*EXERCISE DETAILS*: Could you write out all of the data again, word for word?

==========

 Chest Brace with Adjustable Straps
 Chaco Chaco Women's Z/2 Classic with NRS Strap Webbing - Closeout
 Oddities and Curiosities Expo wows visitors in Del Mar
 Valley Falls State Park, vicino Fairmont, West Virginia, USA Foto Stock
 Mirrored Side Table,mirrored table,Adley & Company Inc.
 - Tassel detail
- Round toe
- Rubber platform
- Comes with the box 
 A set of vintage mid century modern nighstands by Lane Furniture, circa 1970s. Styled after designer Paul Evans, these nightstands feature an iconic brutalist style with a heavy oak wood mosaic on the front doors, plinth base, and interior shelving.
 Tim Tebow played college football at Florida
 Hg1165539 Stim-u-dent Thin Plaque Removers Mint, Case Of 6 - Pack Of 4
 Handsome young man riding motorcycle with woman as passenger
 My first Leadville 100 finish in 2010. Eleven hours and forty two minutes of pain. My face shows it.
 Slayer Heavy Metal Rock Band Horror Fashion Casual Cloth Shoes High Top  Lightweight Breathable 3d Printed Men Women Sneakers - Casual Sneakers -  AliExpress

==========

*TASK RESULT*:
 Chest Brace with Adjustable Straps
 Chaco Chaco Women's Z/2 Classic with NRS Strap Webbing - Closeout
 Oddities and Curiosities Expo wows visitors in Del Mar
 Valley Falls State Park, vicino Fairmont, West Virginia, USA Foto Stock
 Mirrored Side Table,mirrored table,Adley & Company Inc.
 - Tassel detail
- Round toe
- Rubber platform
- Comes with the box 
 A set of vintage mid century modern nighstands by Lane Furniture, circa 1970s. Styled after designer Paul Evans, these nightstands feature an iconic brutalist style with a heavy oak wood mosaic on the front doors, plinth base, and interior shelving.
 Tim Tebow played college football at Florida
 Hg1165539 Stim-u-dent Thin Plaque Removers Mint, Case Of 6 - Pack Of 4
 Handsome young man riding motorcycle with woman as passenger
 My first Leadville 100 finish in 2010. Eleven hours and forty two minutes of pain. My face shows it.
 Slayer Heavy Metal Rock Band Horror Fashion Casual Cloth Shoes High Top  Lightweight Breathable 3d Printed Men Women Sneakers - Casual Sneakers -  AliExpress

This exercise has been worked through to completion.